I think the cream would be too overpowering for a cigar. I feel like it would overwhelm the palette. But I've never been a huge fan, only time I've had them was when watching the Big Lebowski.


----------



## thebiglebowski (Dec 19, 2005)

did someone say white russian, man?


----------



## casadooley (Jul 11, 2006)

replicant_argent said:


> depends on the day, Dude.
> If it's good enough for the Big Lebowski, it should be good enough for me, man.
> 
> That rug really brought the room together, man.....


White Russian:
1 1/2 oz Vodka
3/4 oz Kahlua
3/4 oz Light cream or milk
Mix vodka and Kahlua, float cream or milk on top. The Dude Abides.


----------



## ky toker (Jun 2, 2005)

thebiglebowski said:


> did someone say white russian, man?


*I thought I heard it, too.* :al

I love Russians, white or black. While I haven't had one...oops, yes I have; my how I forget. From what I _remember_ it went well. I've had plenty of cappuccinos with cigars and the milk didn't pose any issues then, so I'd bet on the WR making a good pairing.


----------



## stogie_kanobie_one (Feb 9, 2006)

Funny this comes up. I had my first white Russian only a few weeks ago. The recipe I used called for equal parts of each ingredient (2 oz. amounts). I found myself thinking hmn..... this will have to be tried with a cigar. 

I can't say I've had many drinks that overpower a cigar. Maybe it's just me. Maybe I don't know what I'm missing. But I smoke very slowly such that even the smallest cigar can last me close to an hour. In any event I even eat sometimes a late night snack while smoking a cigar. 

... I'm rambling. I think it would pair well with a cigar and will have to try this out myself.


----------



## MadAl (Feb 19, 2006)

casadooley said:


> White Russian:
> 1 1/2 oz Vodka
> 3/4 oz Kahlua
> 3/4 oz Light cream or milk
> Mix vodka and Kahlua, float cream or milk on top.
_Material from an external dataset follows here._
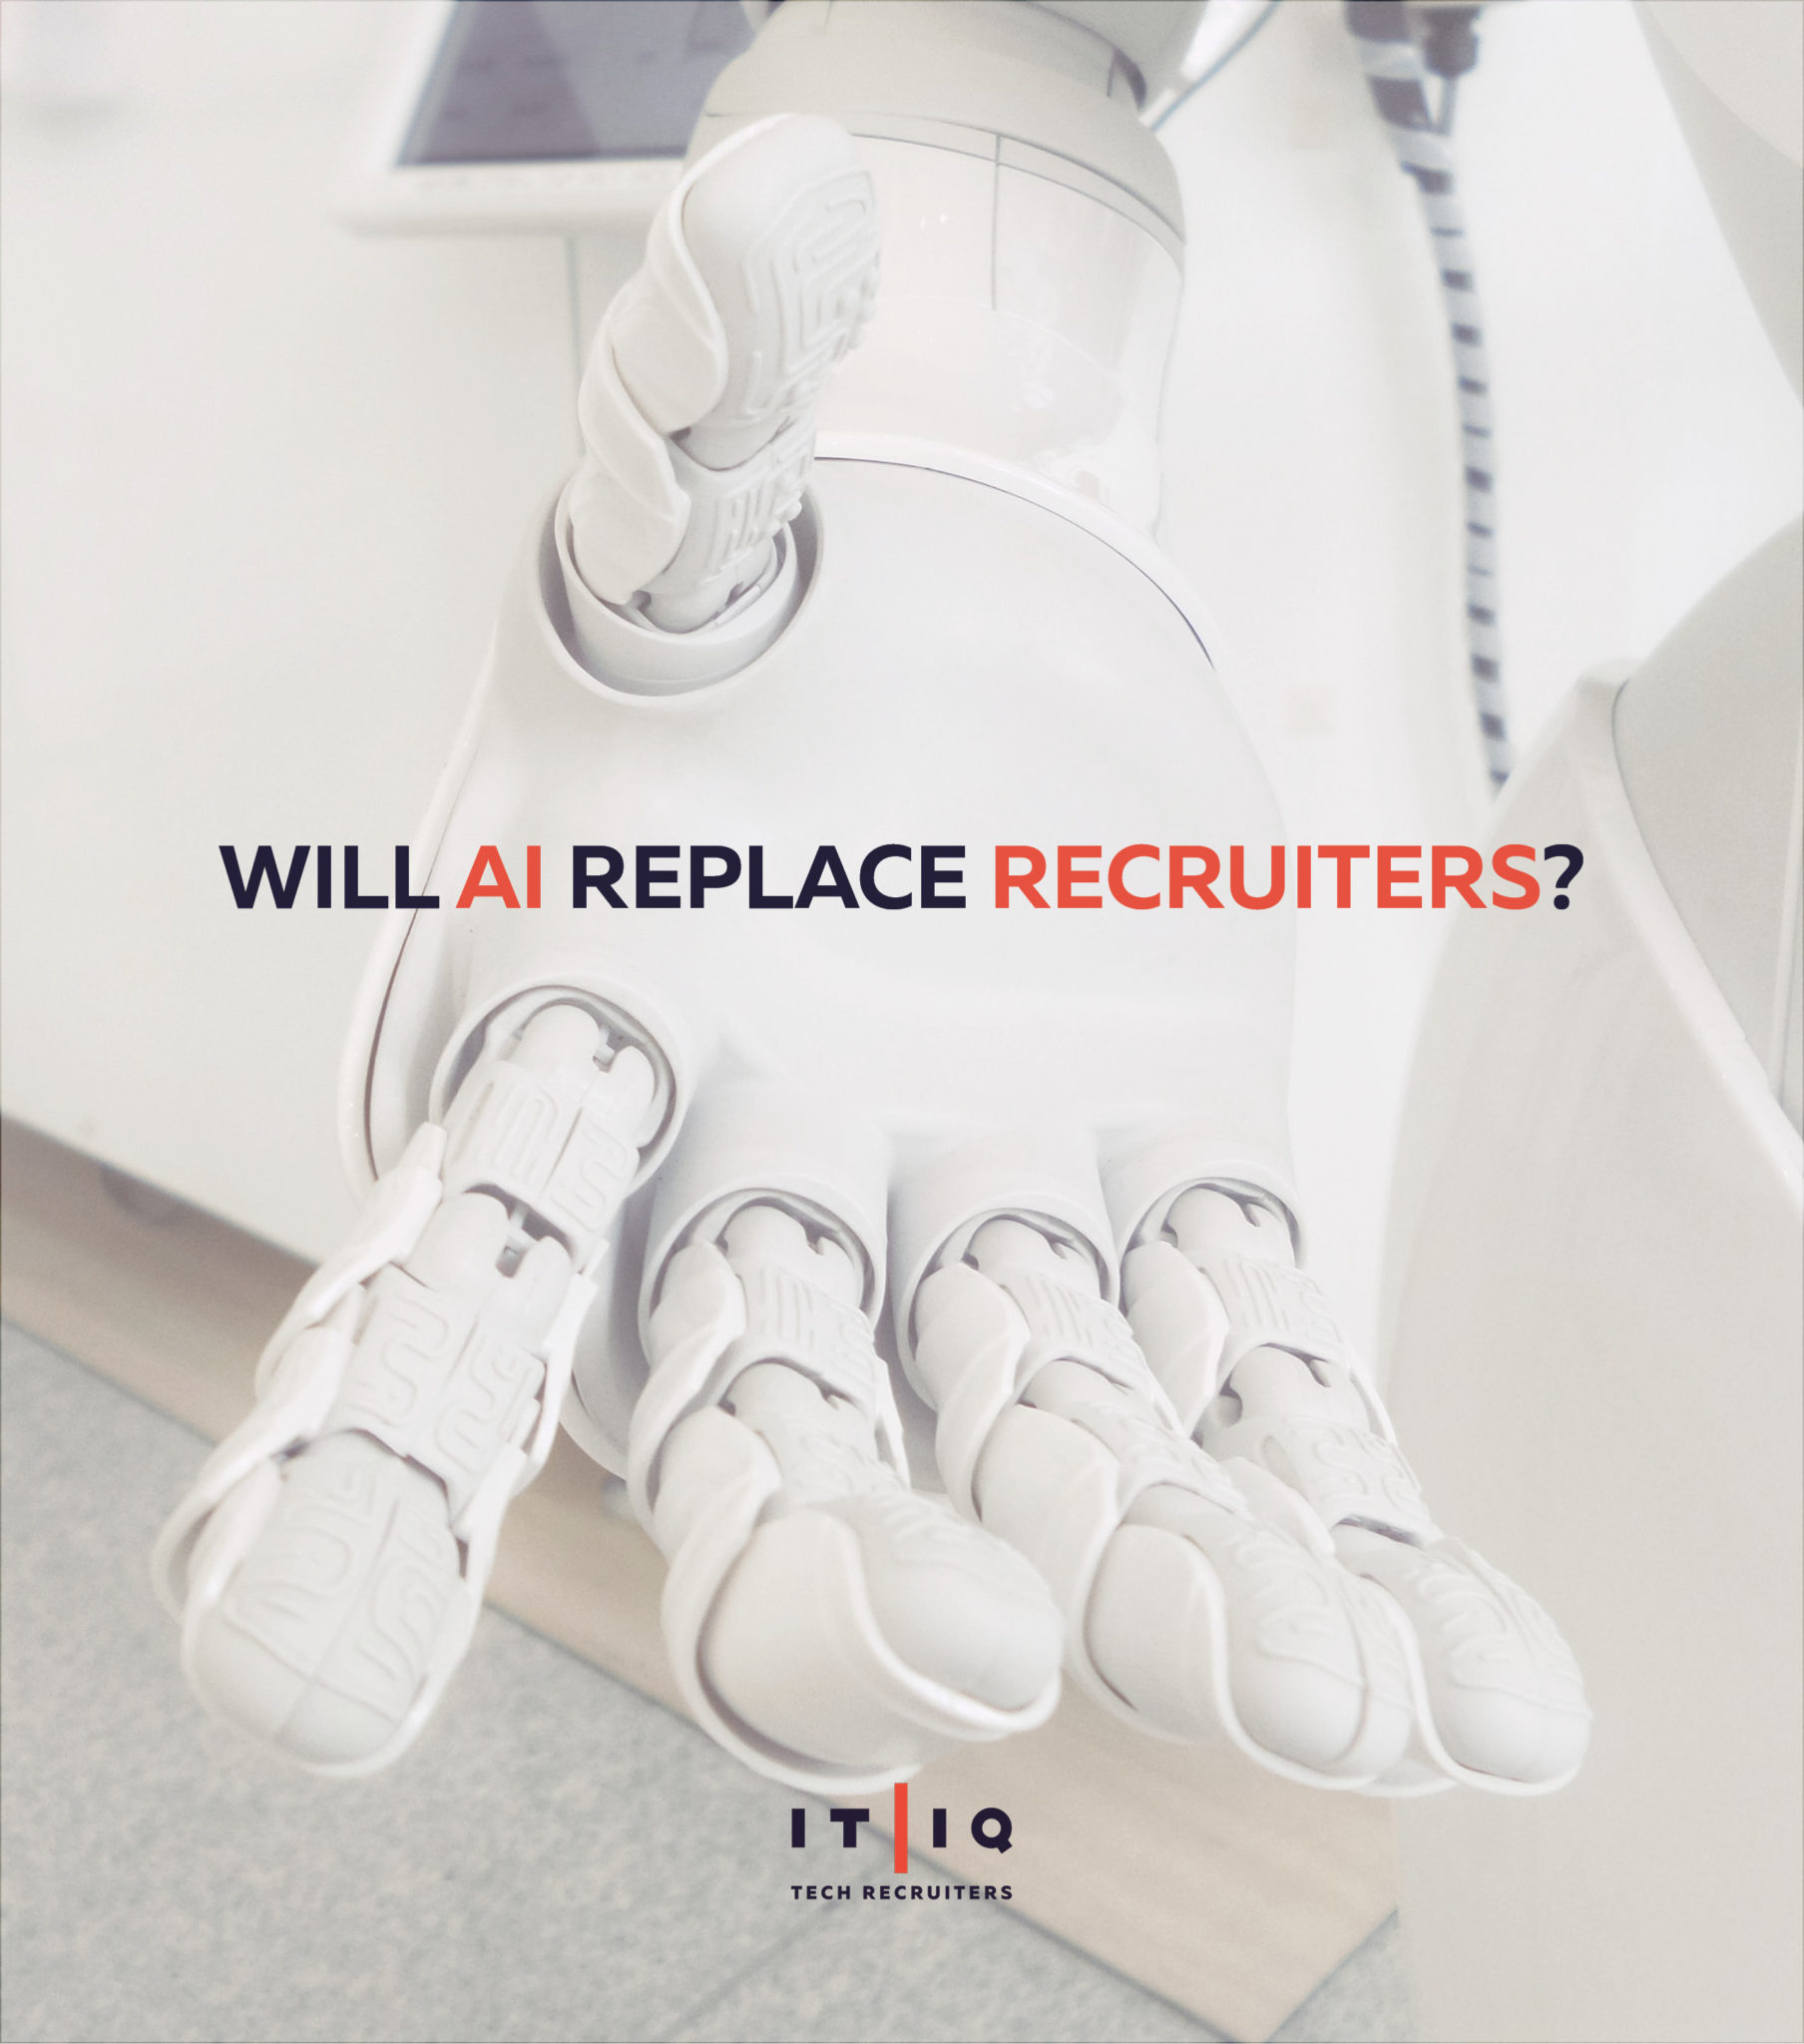 IT/IQ Tech Recruiters Will AI Replace Recruiters, Background image features white robotic hand extended to viewer

The Dude Abides.


Alternatively, you can use White Creme de Cacao for a truly "White" Russian


----------



## Woogie (Mar 6, 2007)

icehog3 said:


> I drank Black Russians for about 14 hours straight last year (May 5th actually) while smoking cigars at a Blackjack table in Vegas. I don't remember how I liked it. :r


Thats good stuff. At least it sounds like you think you had a good time.

Had me a White Russian and a Rocky Patel Fusion tonight. It was good.:dr


----------



## icehog3 (Feb 20, 2005)

Woogie said:


> Thats good stuff. At least it sounds like you think you had a good time.
> 
> Had me a White Russian and a Rocky Patel Fusion tonight. It was good.:dr


Long story I will make short....had a gorgeous Blackjack dealer all day. Dealers at the Sahara have to have their state or country of birth on their nametags. Her's said "Cuba". And she dealt me 20s and Blackjacks all day long, while complimenting the aroma of my cigars.

Makes me wish I could be Bill Murray and have that be my "Groundhog Day".


----------



## ky toker (Jun 2, 2005)

stogie_kanobie_one said:


> I had my first white Russian only a few weeks ago. The recipe I used called for equal parts of each ingredient (2 oz. amounts). I found myself thinking hmn..... this will have to be tried with a cigar.


So it sounds like you liked the drink. I can't say I actually measure.  To me White Russians are a fun drink and when it comes to mixing I usually add a bit more vodka than called for.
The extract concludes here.